Payment Networks 101

Rob Rankin helps us breakdown the complicated world of payment networks and discusses what FIs should know about payment networks to maximize their investments.

We encounter payment networks nearly every day. Whether buying lunch with a credit card or withdrawing cash from an ATM, we rely on payment networks to complete our transactions securely and accurately. But while they are an essential cog in the world’s economic machine, we generally know very little about payment networks and how they operate.

We spoke with Rob Rankin, senior vice president at Worldpay, who helps us breakdown the complicated world of payment networks and discusses what financial institutions should know about payment networks to maximize their investments.

First things first – What is a payment network?

A payment network is the intermediary between all of the various elements that comprise a transaction, from the cardholder all the way through to the settling of transaction funds. In other words, whenever cardholders use their credit or debit card at a point-of-sale terminal or ATM, that transaction is routed through a payment network.

What is the purpose of a network?

Networks provide connectivity between the financial institution/issuer and the merchant/ATM. As the intermediary, a network makes sure that, regardless of whether the card is used at a merchant or an ATM, the authorization and funds movement are properly directed to ensure money is appropriately distributed. The merchant and merchant processor determines how a point of sale (POS) purchase payment will be routed. ATM transactions are typically routed through the financial institution’s designated preferred ATM network.

To clarify, can you discuss the different types of transactions covered by payment networks?

There are a number of transactions types supported by payment networks. They include transactions at ATMs – such as cash withdrawals, transfers and deposits, – and at POS terminals where a cardholder swipes, taps or inserts the card or payment device. So, anytime a transaction is made and money needs to be transferred, a payment network is behind the scenes. Payment networks also support peer-to-peer payments and bill payments.

What elements make up a payments network? Are there different kinds of payments networks?

Typically, a network will support two primary transaction sets – ATM transactions and POS transactions. Each network has its own set of operating standards that govern how it authorizes, settles, and supports transactions. This is where you’ll start to see differences among networks – additionally some of the networks’ economics may be more favorable to merchants while others tend to favor the issuer. This preference can be seen in the structure and rates of a network’s fees.

Why should an issuer care about what network they are using?

For a financial institution – as with any business – it all comes down to maximizing the return on its investment. It’s important for issuers to understand its customers purchasing habits and the economics behind their chosen payment network. There could be financial ramifications and missed revenue opportunities if the institution chooses a network whose economics do not appropriately align with how and where cardholders are using its cards. This point underlines the importance for institutions to understand its customers buying habits and align its networks to maximize revenue from those buying habits.

What advice would you give to issuers when considering the financial implications of using one network over another?

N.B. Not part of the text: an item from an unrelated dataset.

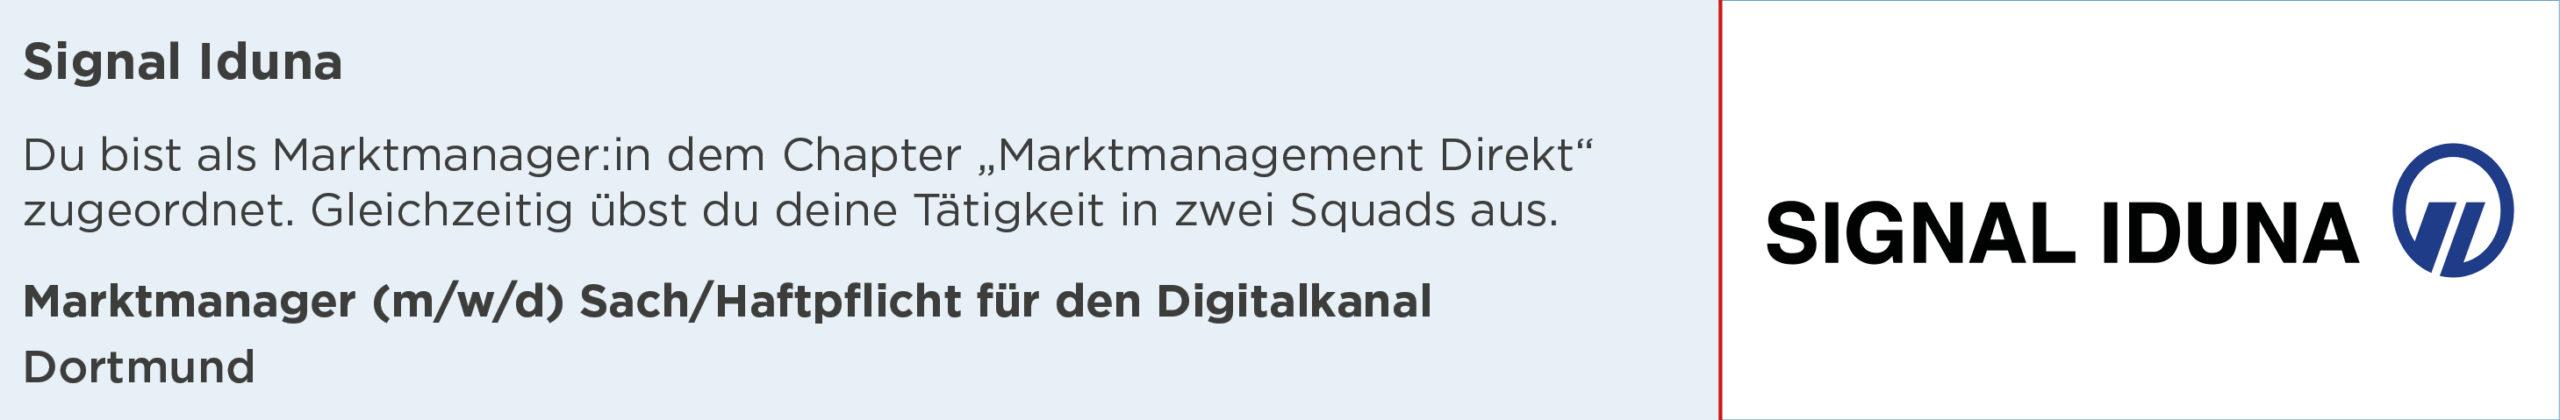 signal Iduna, marktmanager, sach, Haftpflicht, Digitalkanal, Stellenanzeige, dortmund

The financial implications that come with network choices are centered on interchange and switch fees. Interchange is the amount that gets paid to the issuer for a POS transaction, while a switch fee (sometimes called assessments) is paid by the issuer to the network. Generally speaking, it is usually in the issuers’ best interest to gravitate toward higher interchange fees with low switch fees.

How have EMV and Tokenization affected payment networks?

EMV and Tokenization have made payments safer and more secure. The shift to EMV has forced each payment network to invest in infrastructure upgrades to support more complex transactions. All participants in the transaction flow will benefit from the advancements in transaction security.

Any last words?

Payment networks are complicated to understand, but we need to remember that they only make up one component of a larger payments strategy. I can’t stress enough how important it is that institutions look at – and understand – each component of the holistic payments strategy to ensure they are not missing out on revenue opportunities.